# Steinmetzschaltung am Motor 230V/400V



## fritz09 (9 Februar 2022)

Hallo Zusammen,

ist es möglich den folgenden Motor in einer Steinmetzschaltung zu betrieben.
Folgende Motordaten hat der Motor: 0,55 kW; 230V/400V
Wenn ja, wie muss der Motor geschaltet werden Stern oder Dreieck und wie groß muss der Kondensator sein?
Was muss noch beachtet werden?

Gruß fritz09


----------



## Frohnius (10 Februar 2022)

Steinmetzschaltung – Wikipedia
					






					de.wikipedia.org


----------



## nullkommanix (10 Februar 2022)

Hallo fritz09,
man sagt so ca 70 µF pro kW,also 38,5 µF errechnet.
Gruß


----------



## Frohnius (10 Februar 2022)

.... und offensichtlich dreieck-schaltung ... typenschild vom motor wird 230V dreieck und 400V stern sein


----------



## dekuika (10 Februar 2022)

Dreieckschaltung stimmt.
Je nach gewünschter Laufrichtung kannst Du den Kondensator fest verdrahten.


----------



## winnman (10 Februar 2022)

Motor kann aber nur ca. 70% seiner Nennleistung, das kann ev. Probleme verursachen.


----------



## Plan_B (10 Februar 2022)

Und das Anlaufmoment ist unter aller Sau.


----------



## Der Pfälzer (14 Februar 2022)

Dem Anlaufmoment kann aber mit einem kuzzeitig parallel geschalteten Anlaufkondensator etwas auf die Sprünge geholfen werden.


----------



## Plan_B (15 Februar 2022)

Was die vermeintlich simple Schaltung kompliziert, denn das kann zeitabhängig oder besser Drehzahlabhängig gemacht werden.


----------



## nade (5 März 2022)

Plan_B schrieb:


> Was die vermeintlich simple Schaltung kompliziert, denn das kann zeitabhängig oder besser Drehzahlabhängig gemacht werden.
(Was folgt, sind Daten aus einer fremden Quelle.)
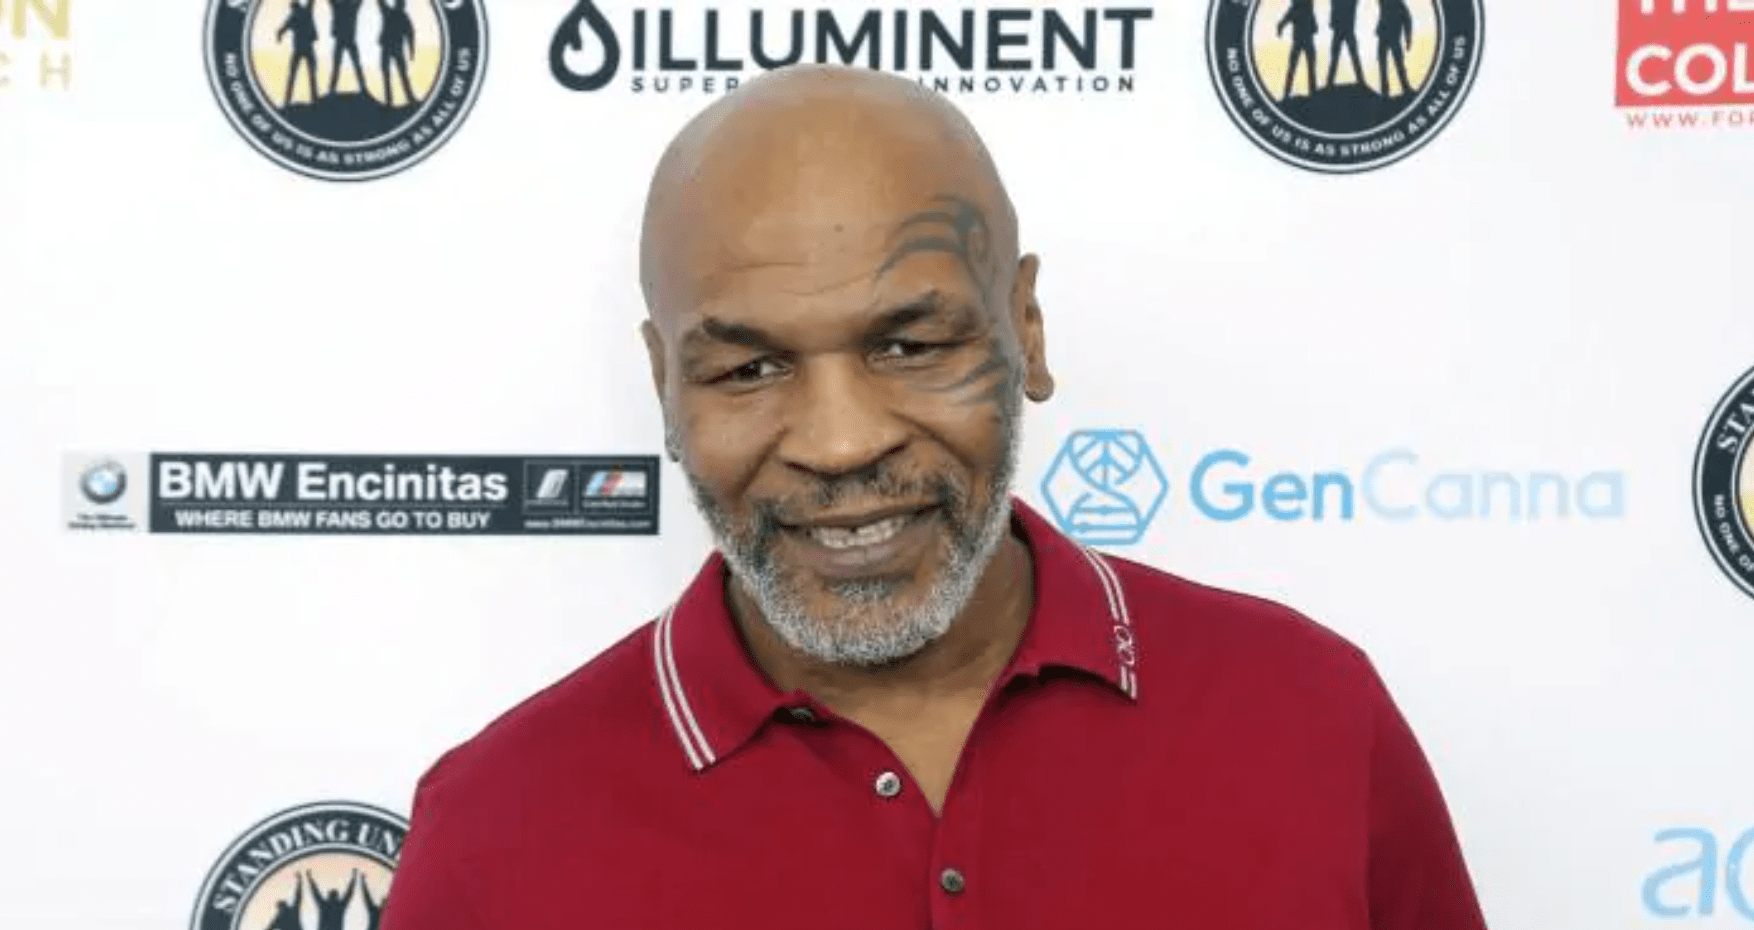 Mike Tyson: My Kids Think I Shouldn’t Fight But What Do They Know?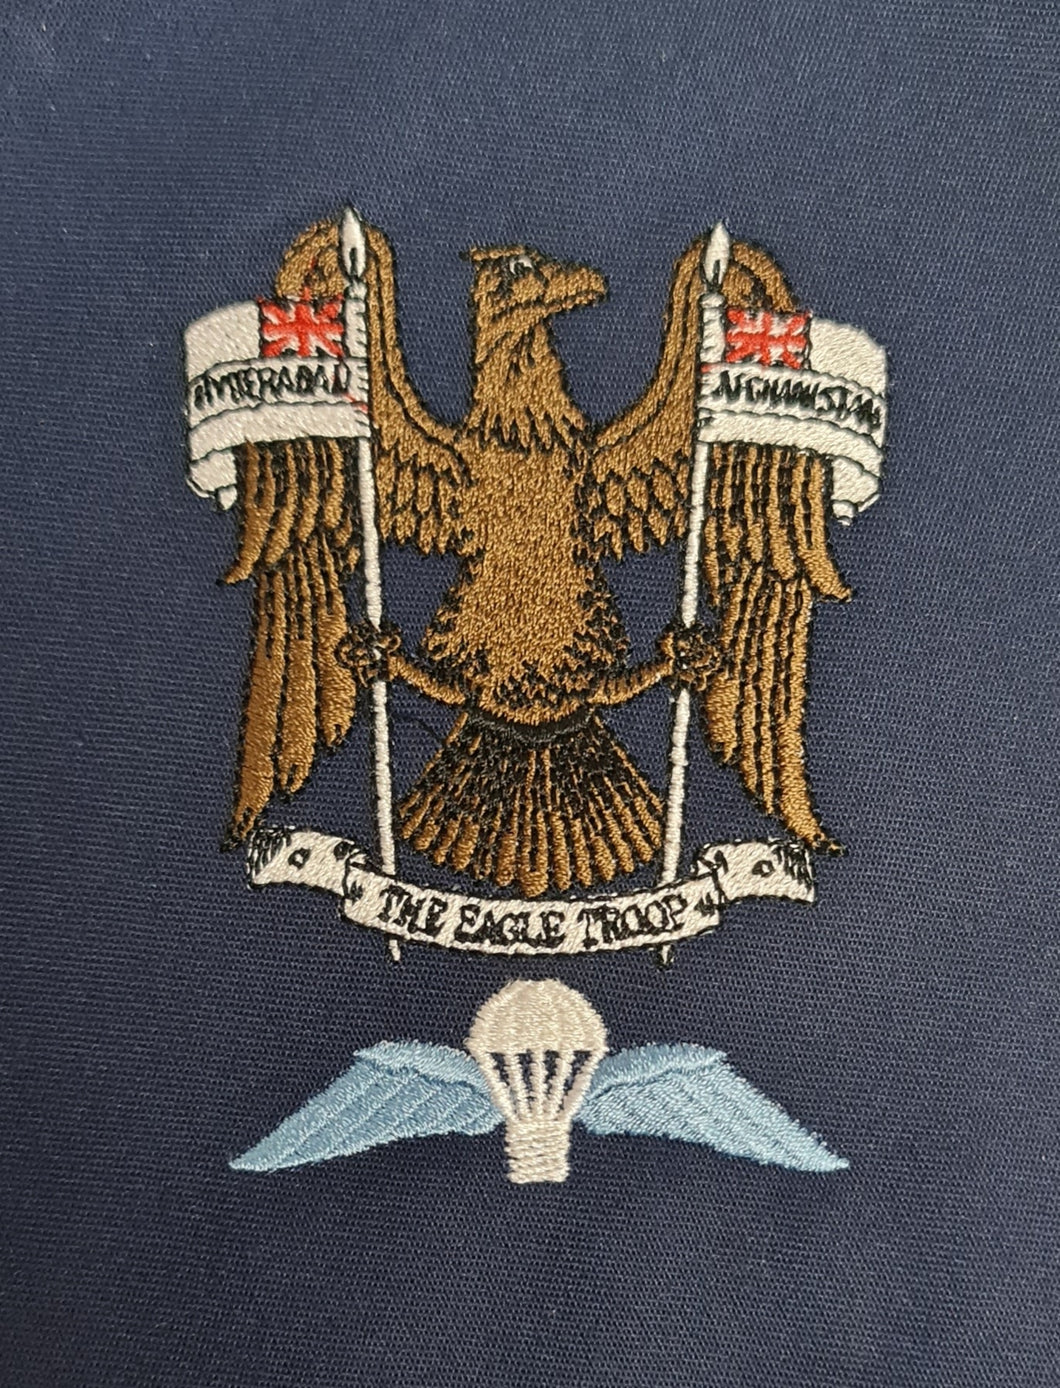 N (Para) Bty 'The Eagle Troop' & Wings 7 RHA  - Embroidered Design - Choose your Garment

Dazu gibt es Schaltmodule. Oder eben bei "China" über ein Fliehkraftschalter realisiert. Die entsprechenden Kondensatoren müssen müssen dann aber auch entsprechend ausgelegt werden. Bei der Zeit, entweder der Motor läuft gar nicht an bzw hat trotzdem keine Leistung und wird scheiß heiß.


----------